:: Problem requirements ::
Copy out the listing that follows exactly, dropping every picture.

====== Given material

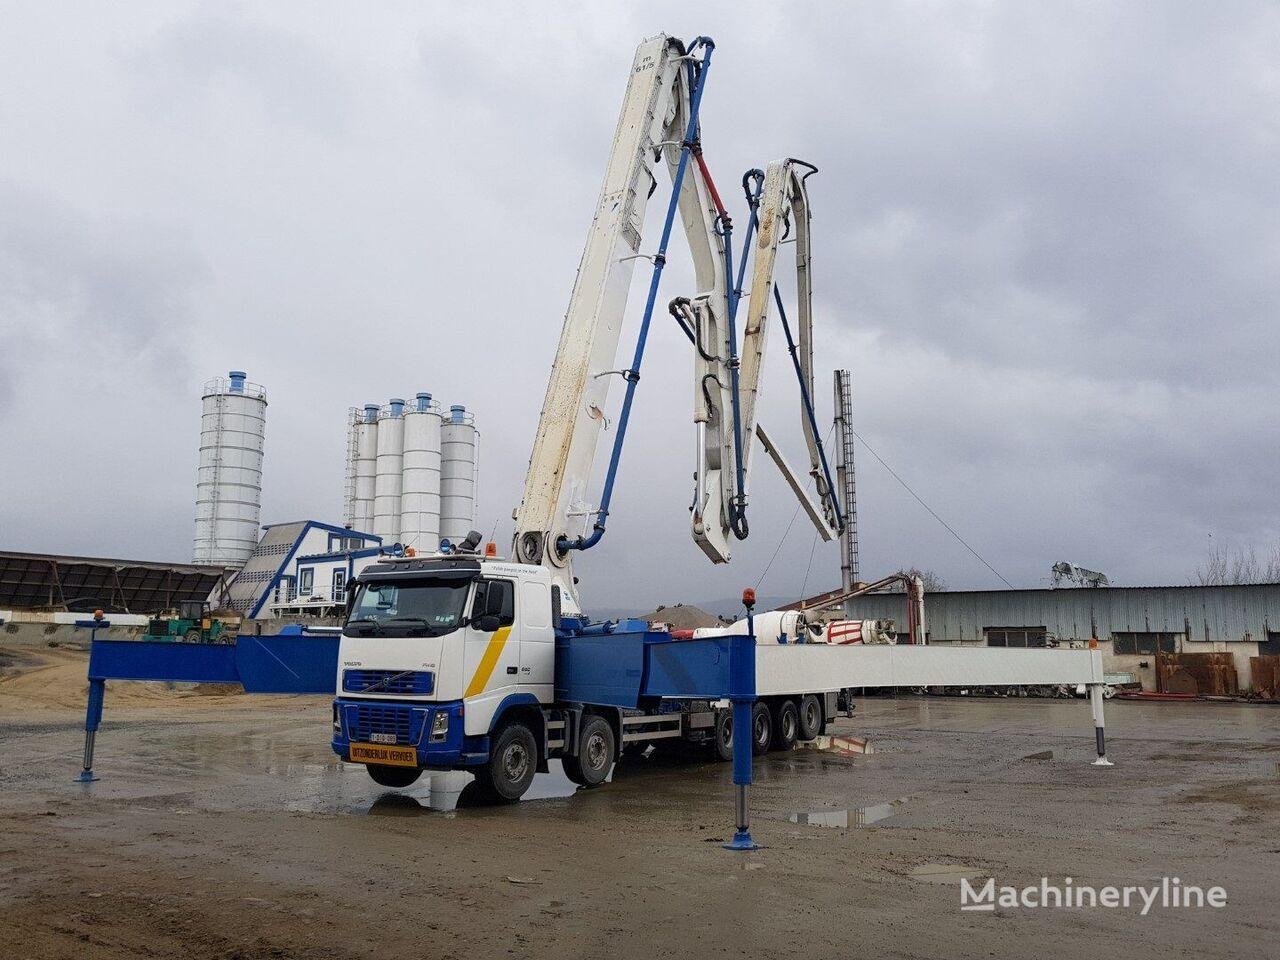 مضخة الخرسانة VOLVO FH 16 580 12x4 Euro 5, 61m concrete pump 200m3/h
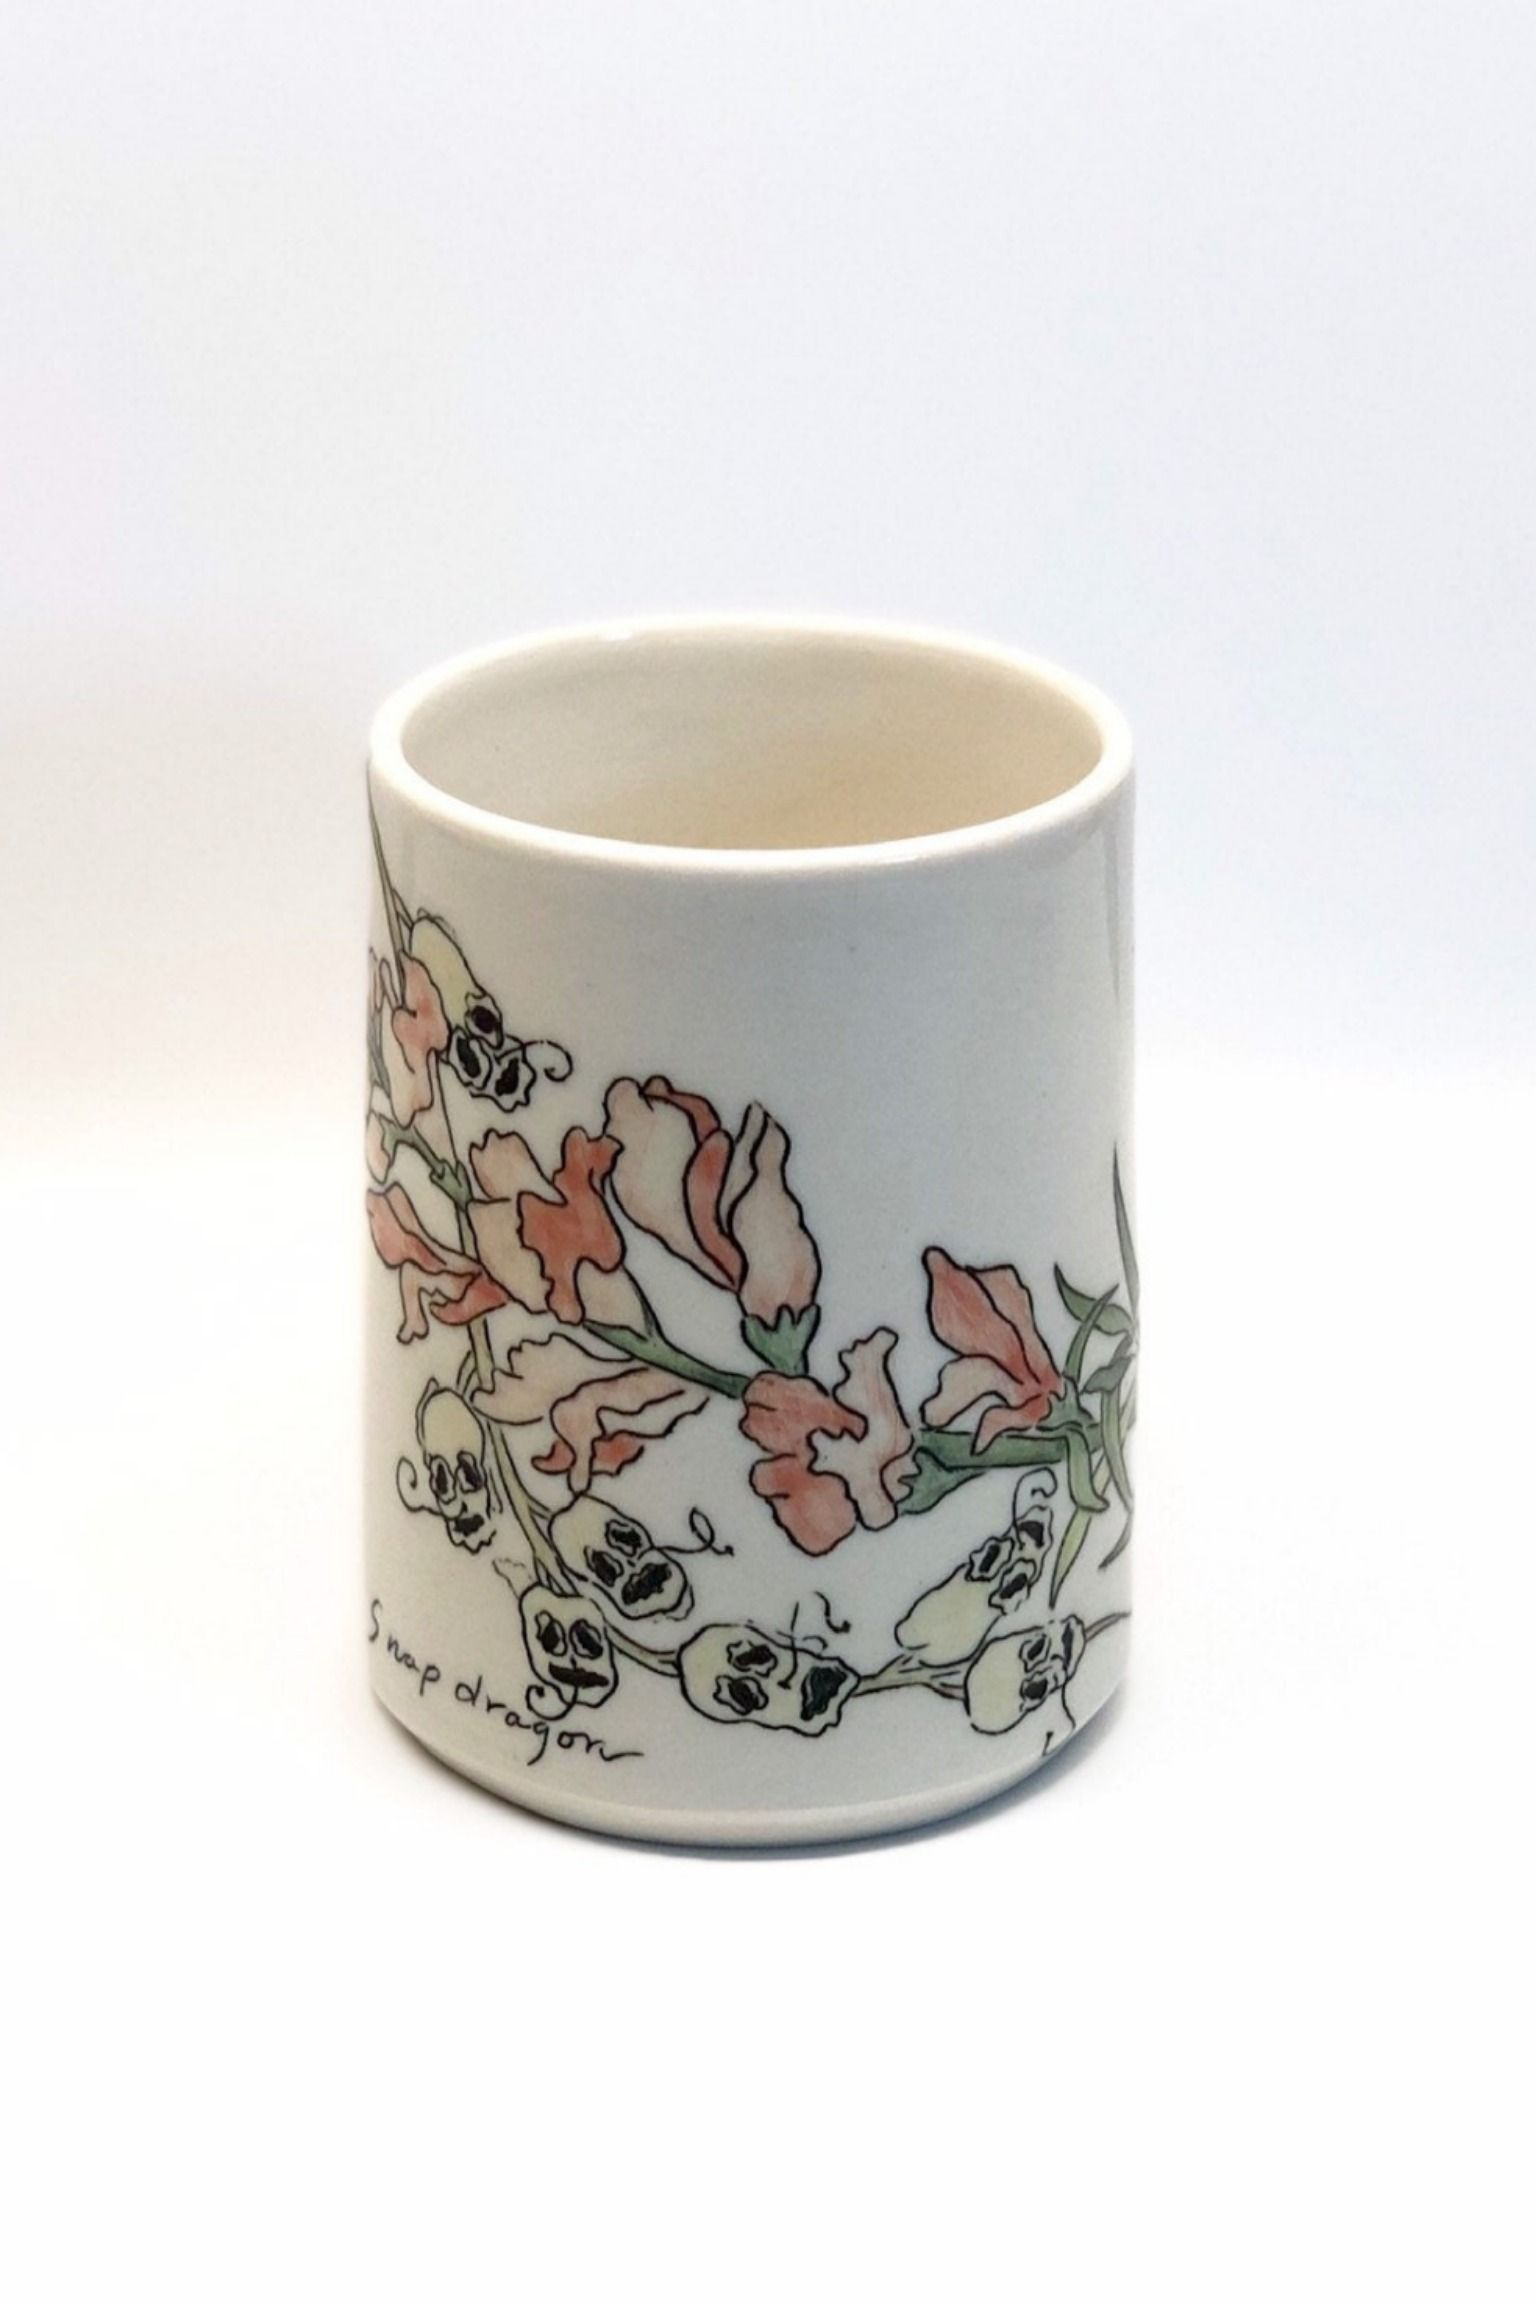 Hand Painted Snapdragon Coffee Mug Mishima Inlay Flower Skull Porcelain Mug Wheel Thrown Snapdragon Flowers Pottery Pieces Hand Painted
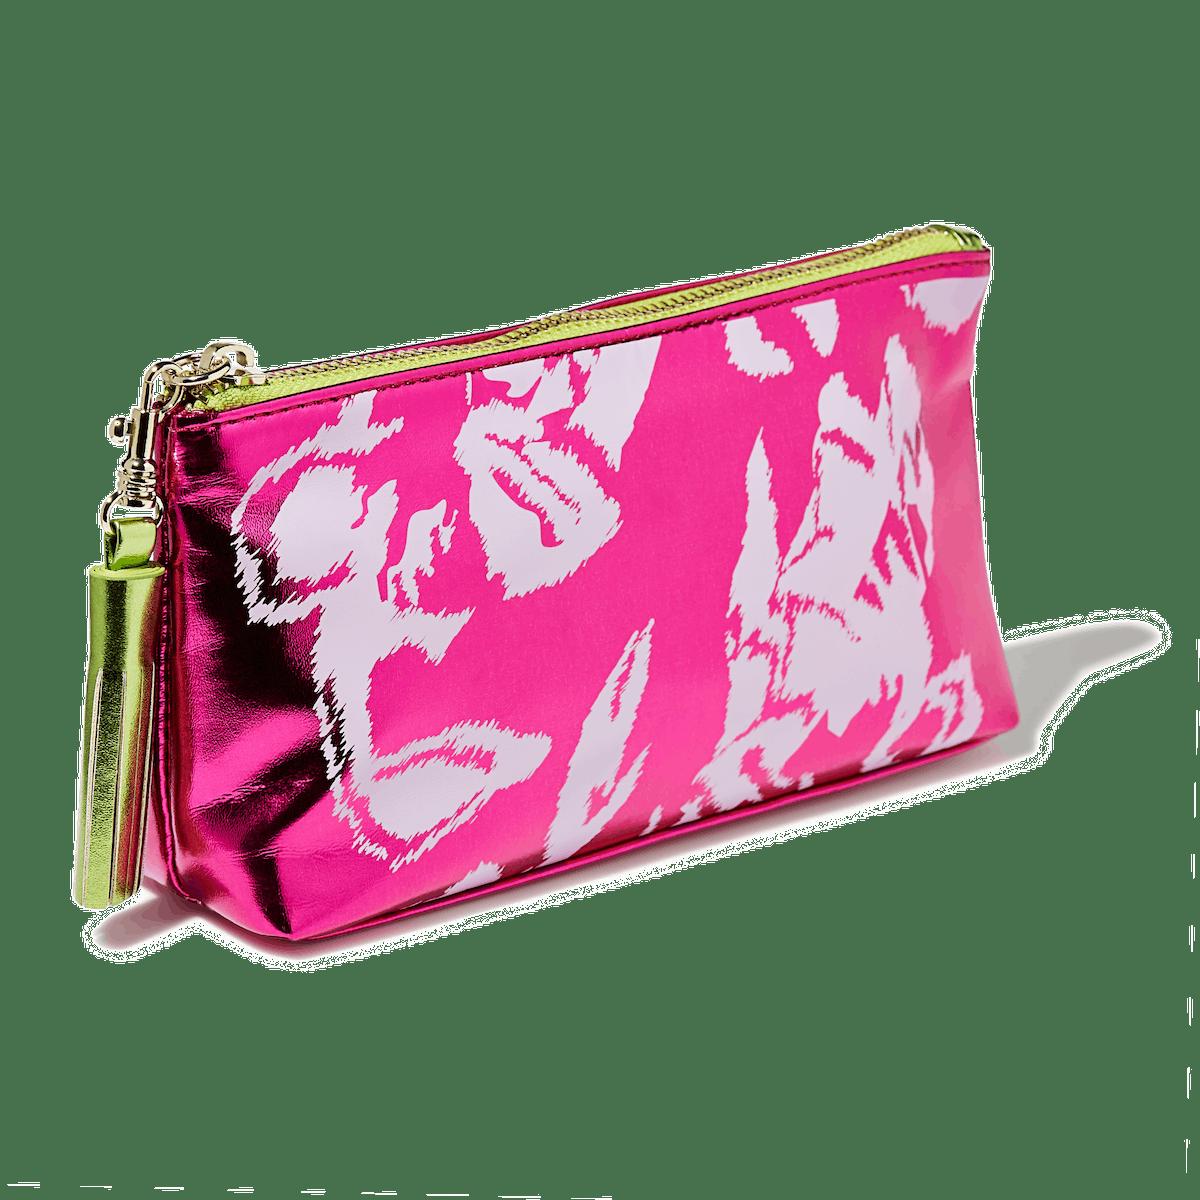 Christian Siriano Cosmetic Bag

============

:: Output below ::
 مضخة الخرسانة VOLVO FH 16 580 12x4 Euro 5, 61m concrete pump 200m3/h
 Hand Painted Snapdragon Coffee Mug Mishima Inlay Flower Skull Porcelain Mug Wheel Thrown Snapdragon Flowers Pottery Pieces Hand Painted
 Christian Siriano Cosmetic Bag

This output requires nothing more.